Third-hand smoke is a relatively new concept and is characterised by the invisible residues left behind once second-hand smoke has disappeared.
Third-hand smoke is thought to be particularly dangerous to infants and young children because they are more likely to inhale, ingest and touch surfaces containing the toxic residue.
“This is the very first study to find that third-hand smoke is mutagenic,” said Lara Gundel, the co-author of the study. “Tobacco-specific nitrosamines, some of the chemical compounds in third-hand smoke, are among the most potent carcinogens there are. They stay on surfaces, and when those surfaces are clothing or carpets, the danger to children is especially serious.”
To complicate the seriousness of the problem, the residue can react with other common indoor air pollutants such as ozone and nitrous acid. These new ultrafine particles have been found to pass directly into human tissues through inhalation, ingestion and skin contact.

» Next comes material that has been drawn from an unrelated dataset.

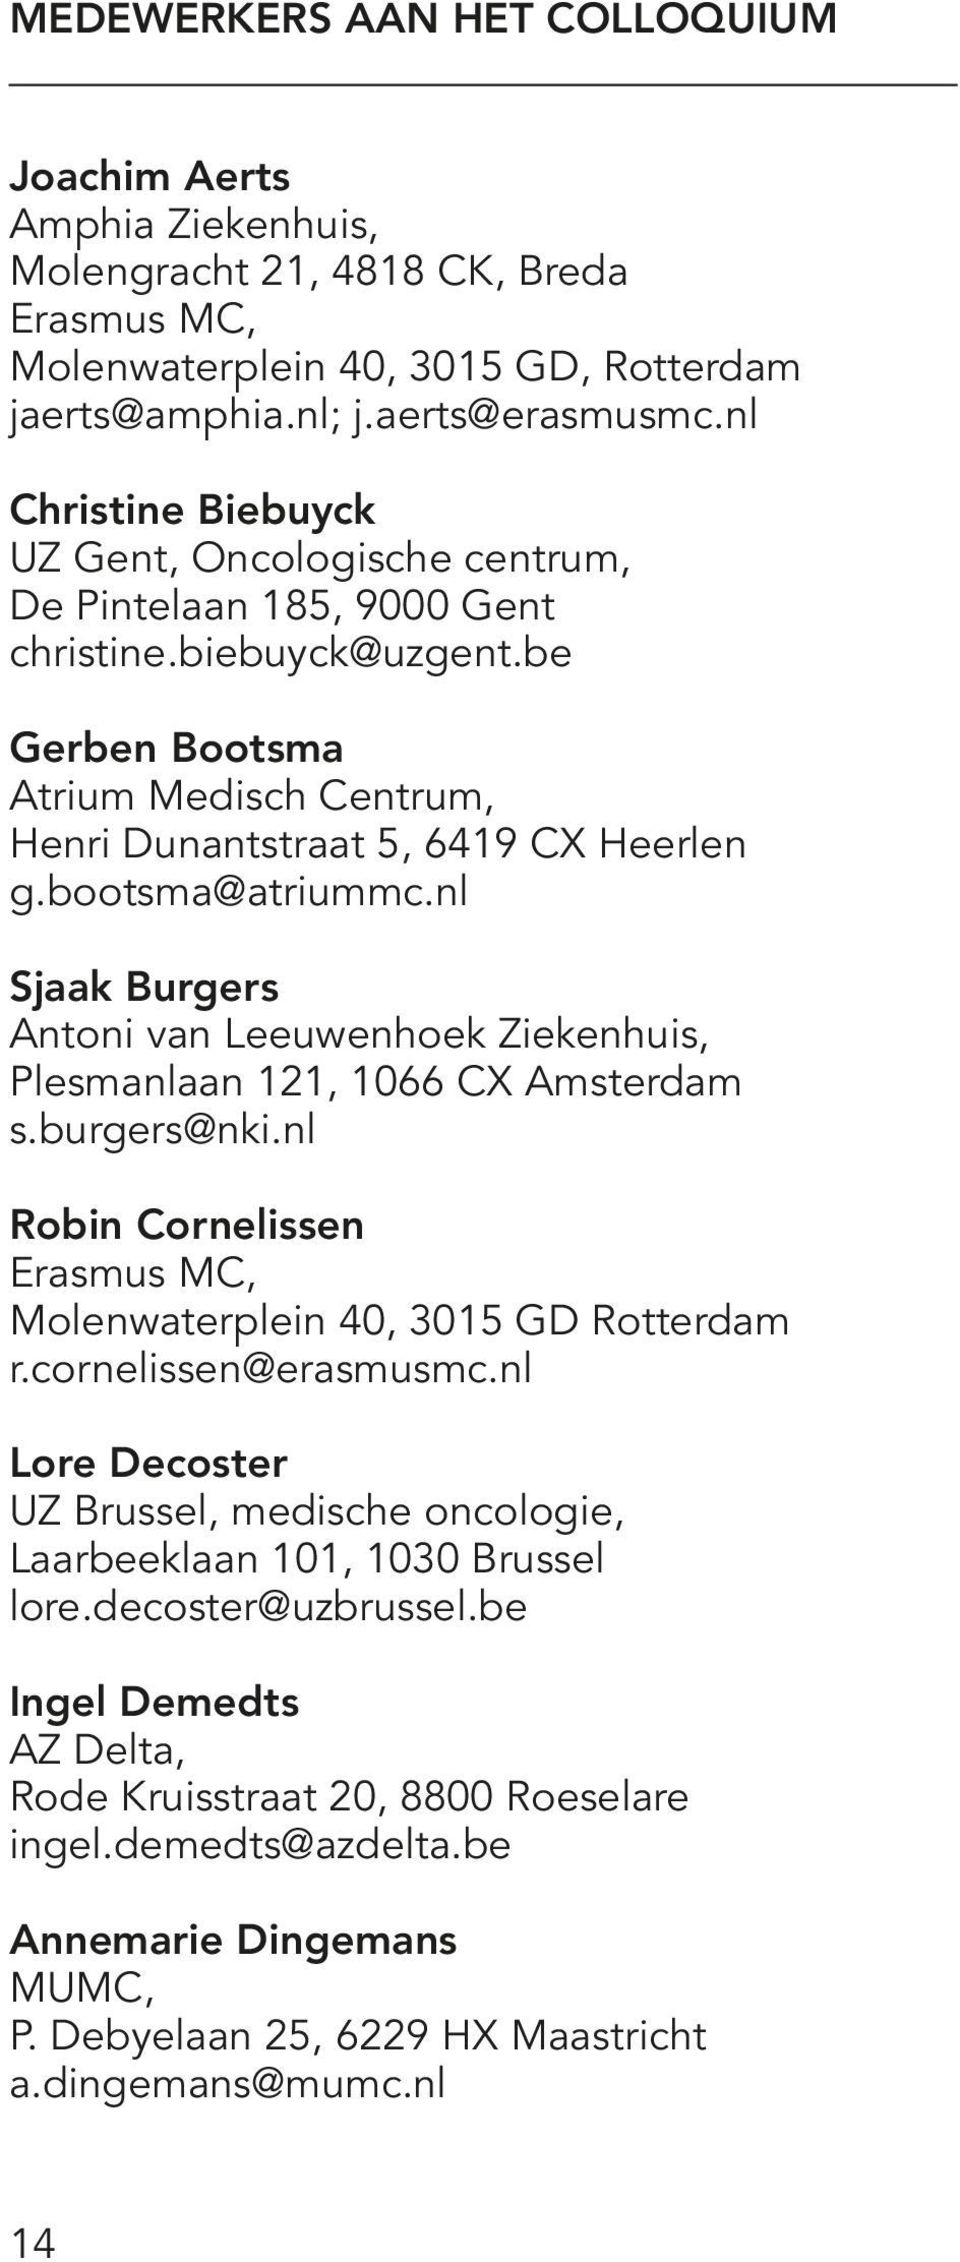 bootsma@atriummc.nl Sjaak Burgers Antoni van Leeuwenhoek Ziekenhuis, Plesmanlaan 121, 1066 CX Amsterdam s.burgers@nki.nl Robin Cornelissen Erasmus MC, Molenwaterplein 40, 3015 GD Rotterdam r.

“Until this study, the toxicity of third-hand smoke has not been well understood,” says Bo Hang, the lead researcher and biochemist in the Life Sciences Division of Berkeley Lab. “Third-hand smoke has a smaller quantity of chemicals than second-hand smoke, so it is good to have experimental evidence to confirm its genotoxicity.”
Even more alarming, third-hand smoke residue builds up on surfaces over time and it becomes virtually impossible to remove the noxious residue.

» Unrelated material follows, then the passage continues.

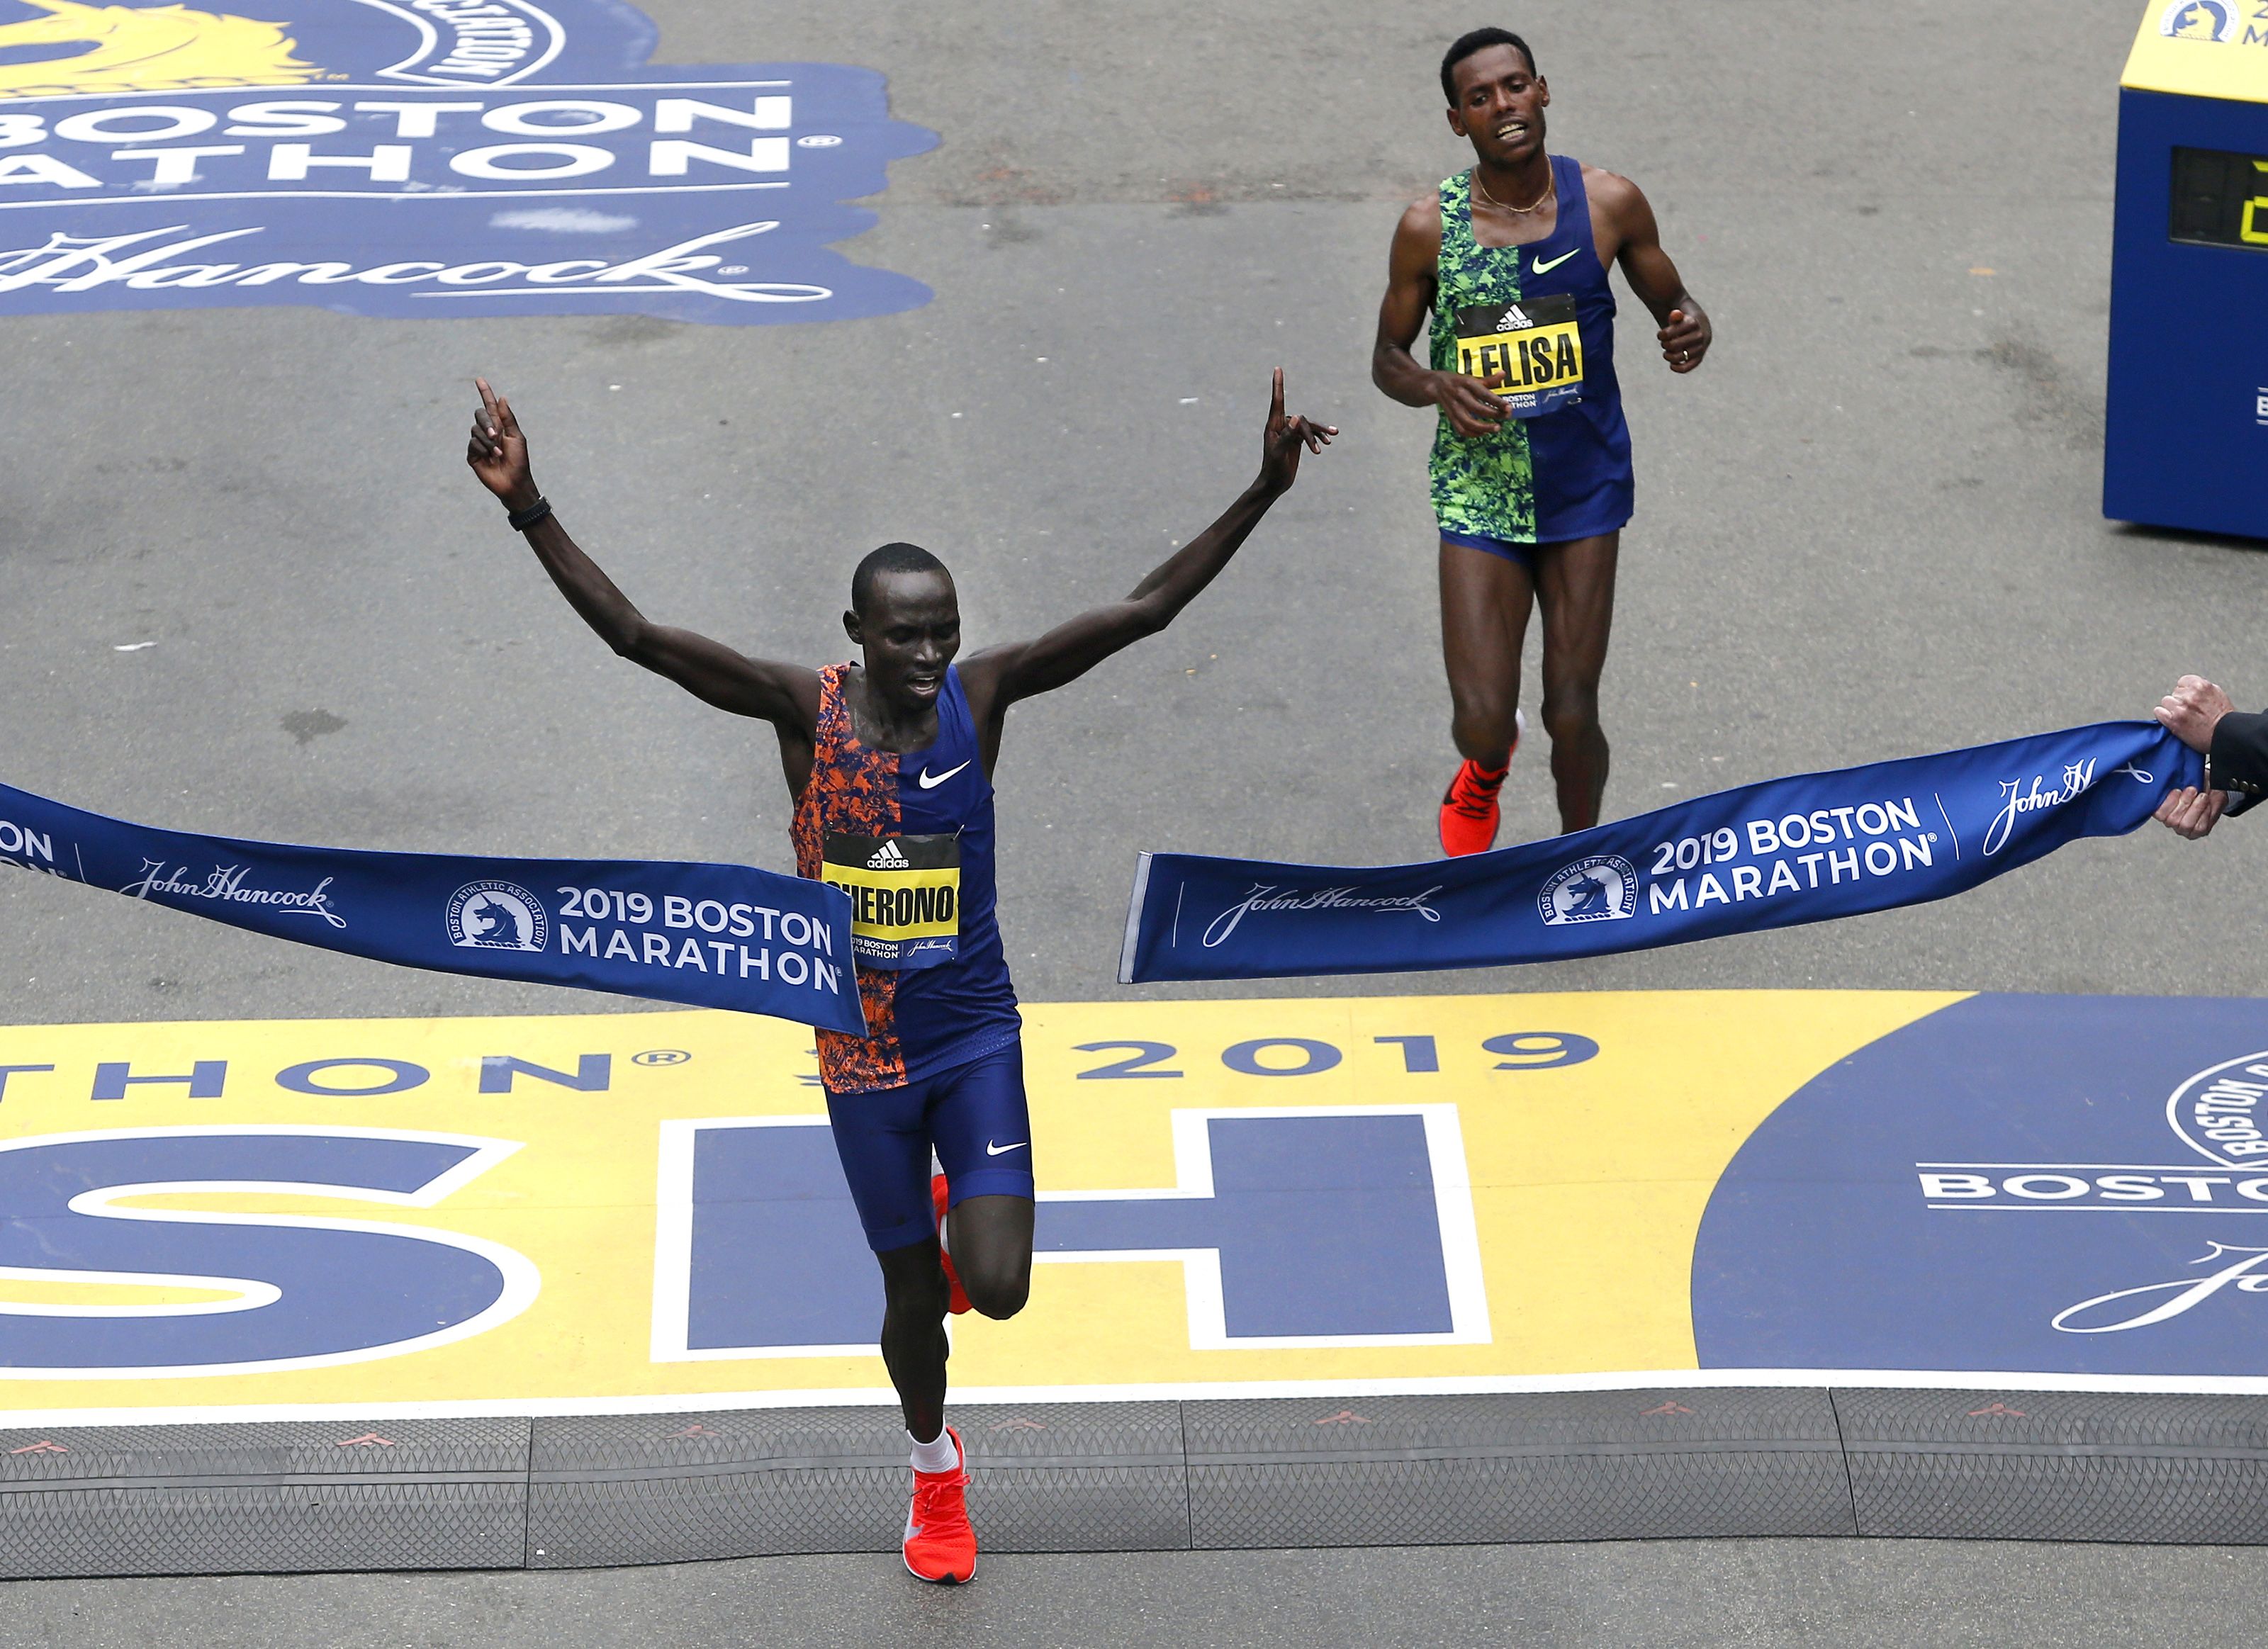 View the Inspiring Scenes from 2019 Boston Marathon

Common cleaning methods such as sweeping, vacuuming and wiping have not proven effective in eradicating the cancer-causing residue. Studies have confirmed that the residue can still be detected in dust and surfaces for more than two months after smokers have left.
“You can do some things to reduce the odours, but it is very difficult to really clean it completely,” says Hugo Destaillats, a co-author of the study. “The best solution is to substitute materials, such as change the carpet, repaint.”
The researchers conclude: “Ultimately, knowledge of the mechanisms by which third-hand smoke exposure increases the chance of disease development in exposed individuals should lead to new strategies for prevention.”
Second-hand smoke is the smoke that comes from being in close proximity to burning tobacco products. This type of hazard is removed when smoking has ceased. In third-hand smoke, airing out rooms, opening windows and/or using fans cannot eliminate the toxic residue.
The only way to protect oneself from third-hand smoke is to create a smoke-free environment. Strive to make your home and vehicle safe for you and your children. Reduce your risk by avoiding restaurants, bars and public places that are exposed to first, second and third-hand smoke.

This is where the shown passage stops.